I never had health anxiety until I had my kids.
 
I am also prone to health anxiety at times. I never had anxiety in my life until I reached the good ol age of perimenopause. My Dr. said this was extremely common for women in their late forties and early fifties. Knowing that helped a lot.

However, something that I truly believe helps me with it is taking daily vitamins. I take a multivitamin along with extra D, B Complex, Magnesium and Fish Oil. If I forget to take them...especially the BComplex I can tell right away. May not work for you, but may also be something to consider. With BVitamins, if you wind up taking more than you really need, it just gets expelled through your urine.

Hope you are feeling better soon!


That was me too. I have been fine, and then the last year or so, I become convinced every ache or pain is something major. My dad had a heart attack a couple of years ago, so that is always in the back of my mind too. Learning a lot of it was perimenopausal helped calm me down a lot.
 
I just wonder if we over test, over treat, and over medicate.
I have high blood pressure. The blood pressure medicine messes with my blood chemistry.
The medicine I take to fix my blood chemistry messes with my cholesterol
The medicine I took to fix my cholesterol messes with my blood sugar.

My doctor has taken me off the cholesterol medicine and my sugar has improved. He probably will take me off the blood chemistry medicine, and with enough exercise and weight loss, off the BP meds.

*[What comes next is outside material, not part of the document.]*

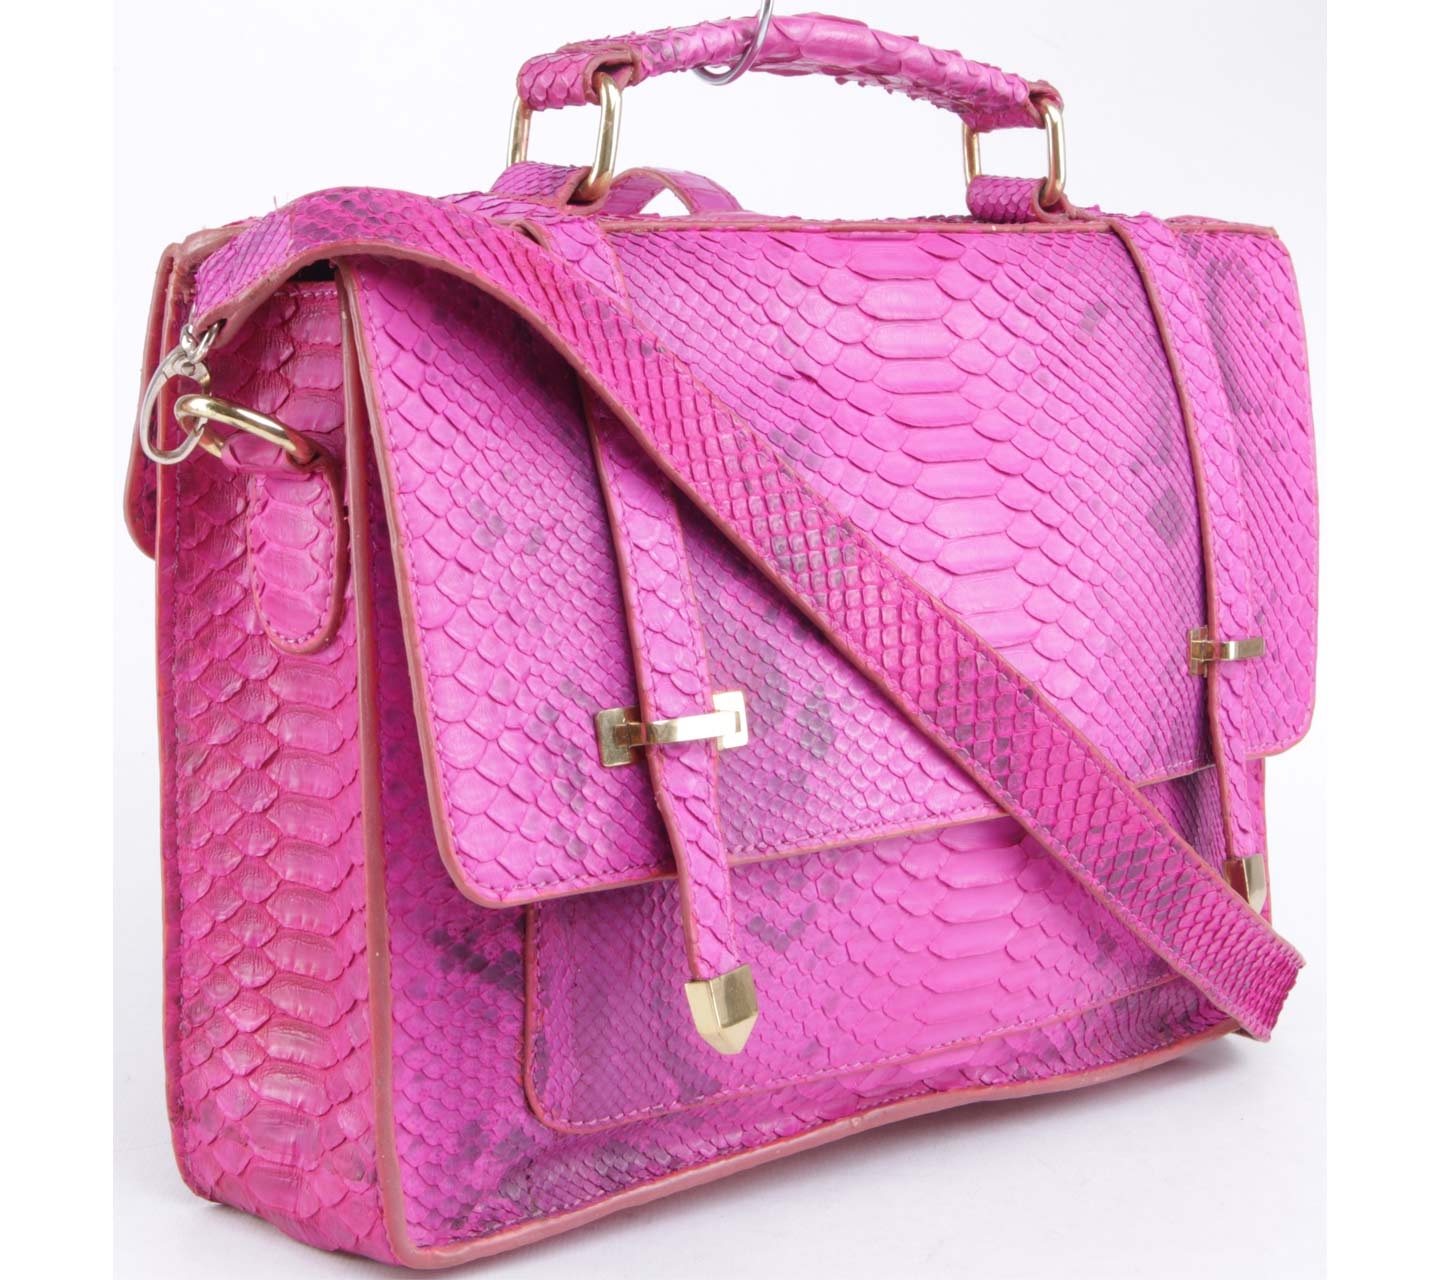 Marnova Pink Satchel Bag

Seems the cures were creating bigger health issues than they were treating.
 
I just wonder if we over test, over treat, and over medicate.
I have high blood pressure. The blood pressure medicine messes with my blood chemistry.
The medicine I take to fix my blood chemistry messes with my cholesterol
The medicine I took to fix my cholesterol messes with my blood sugar.

My doctor has taken me off the cholesterol medicine and my sugar has improved. He probably will take me off the blood chemistry medicine, and with enough exercise and weight loss, off the BP meds.

Seems the cures were creating bigger health issues than they were treating.


Good response! I do think we over treat everything too much. There is a price to be paid with every drug you take. Nothing is a magic pill.

I am only for the use of psychiatric meds when there is known chemical imbalance. I speak from experience that hypochondriasis is a learned behavior. It happens for various reasons. Sometimes it is just a form of anxiety. You have anxiety and that's where it shows itself. Other times we get "health anxiety" (which to me seems to be the nicer way of saying you're a hypochondriac because there is too much scary information on the news, the internet, etc.

My first bout with this happened when I was about 8 years old and my best friends father, who had throat cancer, almost choked to death in front of me and had to be rushed to the hospital. I couldn't swallow well for awhile. Then there was some big news story about childhood leukemia when I was young and that freaked me out. Back then, there was no internet. Then I had some real health scares and would research medical encyclopedias at the library to calm my fears (which didn't work). Then one day, I actually GOT cancer. You know, that seemed to have cured the irrational part of my health worries. Make no mistake, I still get wound up about things that happen but it's more about real things, not what I think I might have.

What has worked for me is diet, exercise, staying off the internet and blogs about health (most are really backed up with good facts), not watching the news about weird illnesses, and staying away from doctors who are overzealous with lab tests and prescription pads.